The distribution of viral antigens in the tissues of the infected serotine bats reported here demonstrate dissemination of EBLV-1 throughout both the central and peripheral nervous systems, including those within the oral cavity, which is congruent with other lyssaviruses and could be a result of high levels of innervation in these regions [42,43]. European bat lyssavirus transmission is thought to be driven at the individual level by virus shedding during allogrooming, potentially resulting in airborne transmission [44] or more likely via subcutaneous inoculations following a bite from an infected bat [45]. Combined with our detection of viral antigens in tissues of the oral cavity, especially the salivary glands and olfactory mucosa, suggests these sites of virus replication are likely to be important for EBLV release and host-to-host transmission [44,45]. However, the nature of passive surveillance limits the ability to determine the route of infection, or identify the onset of disease, which would be critical in calculating the intrinsic incubation period, or other important epizootilogical rates necessary to predict disease or calculate its risk. Viral nucleic acid and antibodies have been detected in healthy bats, which suggests a variable infection outcome associated with EBLV-1 exposure can occur in serotine bats (e.g., failed infections, sub-clinical infections, and slow disease progression) [46]. Consequently, identifying endemic and persistent infections in serotine bat roosts through passive surveillance remains complex and alternative methods such as environmental sampling (e.g., guano collection or use of hair traps to provide information on colony health status), and active sampling of serotine bats in roosting areas where positive bats have been detected may provide a deeper understanding of EBLV-1 epidemiology [47].
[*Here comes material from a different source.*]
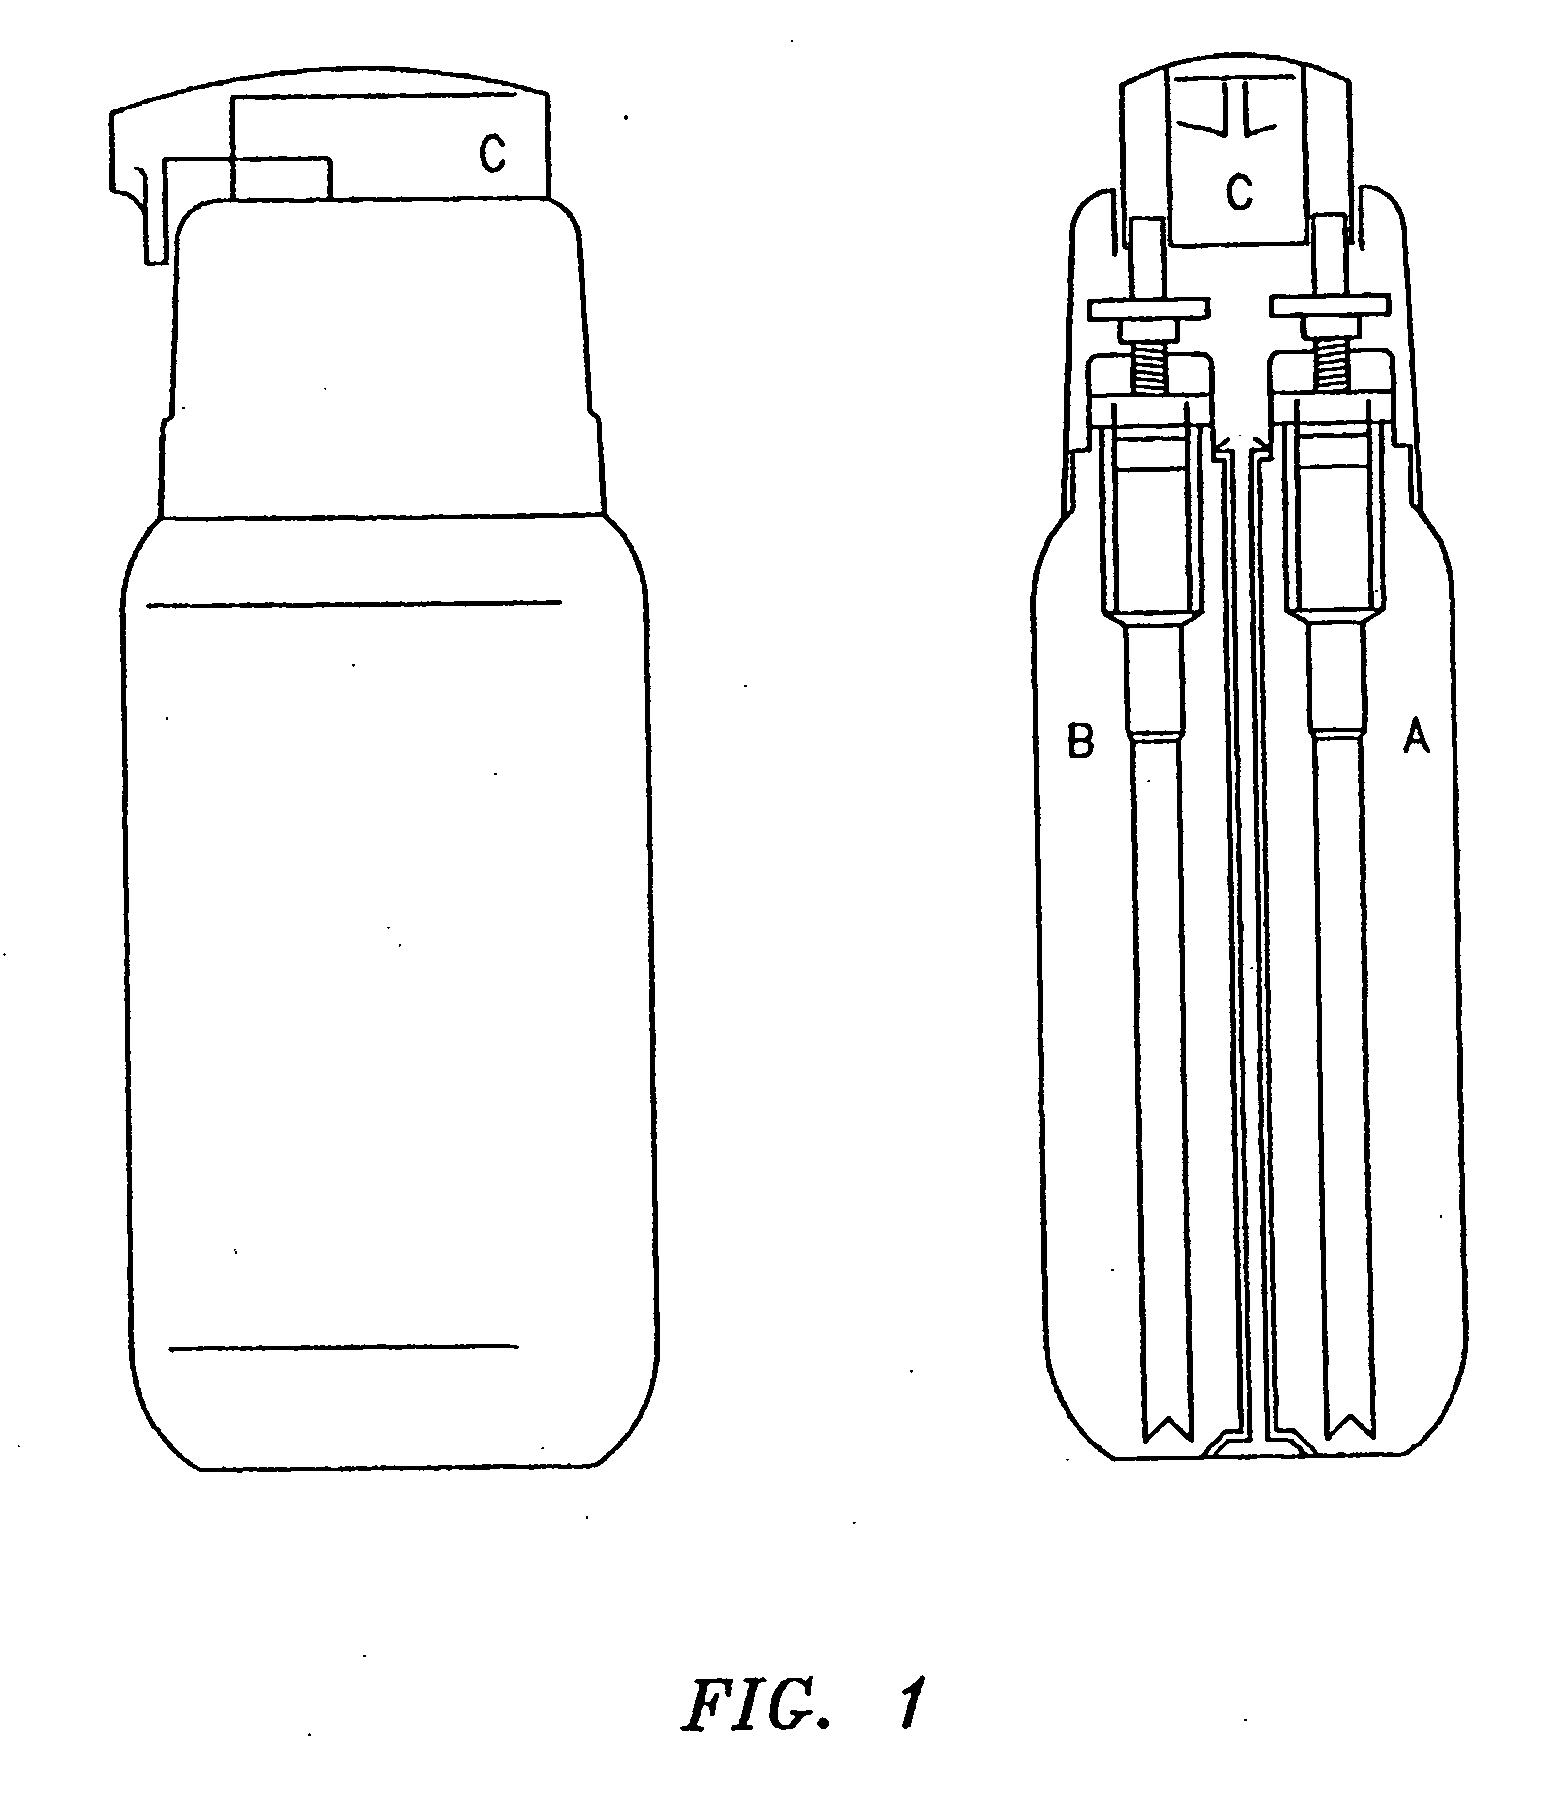 Antibiotic/benzoyl peroxide dispenser

Infection with EBLV-1 causes the disease rabies and can be fatal in bats [12,45,48]. Rabies usually presents itself with neurological impairment which can result in overly aggressive behaviour, motor impairment and poor sensory function [49]. Many of the serotine bat cases described here were submitted after showing signs of neurological impairment (ataxia) or becoming moribund, which when combined with the distribution of viral antigens, shown here, support a viral mediated neurological disease (i.e., rabies). Moreover, our detection of a lyssavirus using FAT (presumed to be EBLV-1 due to close proximity to known EBLV-1 positive roosts, although the sample was negative using RT-PCR methods described above so cannot be confirmed as such) in a juvenile soprano pipistrelle highlights the potential for other species to become infected with bat lyssaviruses [50]. For example, EBLV-1 has been detected using molecular methods in a soprano pipistrelle in Denmark [51]. Indeed, just because EBLV-1 is classically presumed to have a restricted host range ([19], but see also [20,21,22,52,53]), does not mean that people handling bats should not take appropriate prophylactic measures as any species may be a potential risk to human health. Although very rare, fatal human cases caused by EBLV infection have been reported across Europe [14,24,25]. Consequently, the UK advice and guidelines state that anyone who comes into contact with bats should ensure bare skin is covered to prevent bites and those who regularly work with or come into contact with bats should also be vaccinated against rabies, which should provide protection against EBLV-1 and EBLV-2 [28]. Public health guidelines also state that anyone bitten or scratched by a bat should seek medical advice [54]. Where EBLVs are endemic in bat populations across Europe [17,55] there is an increased likelihood of zoonotic spillover events. The continued detection of EBLVs presents a growing yet manageable public health risk [51,54,55,56]. Consequently, an enhanced approach combining passive and active surveillance in bats and using environmental, non-invasive sampling, is required to provide an accurate, ongoing risk assessment in order to effectively mitigate exposure of EBLV in humans and other mammalian species.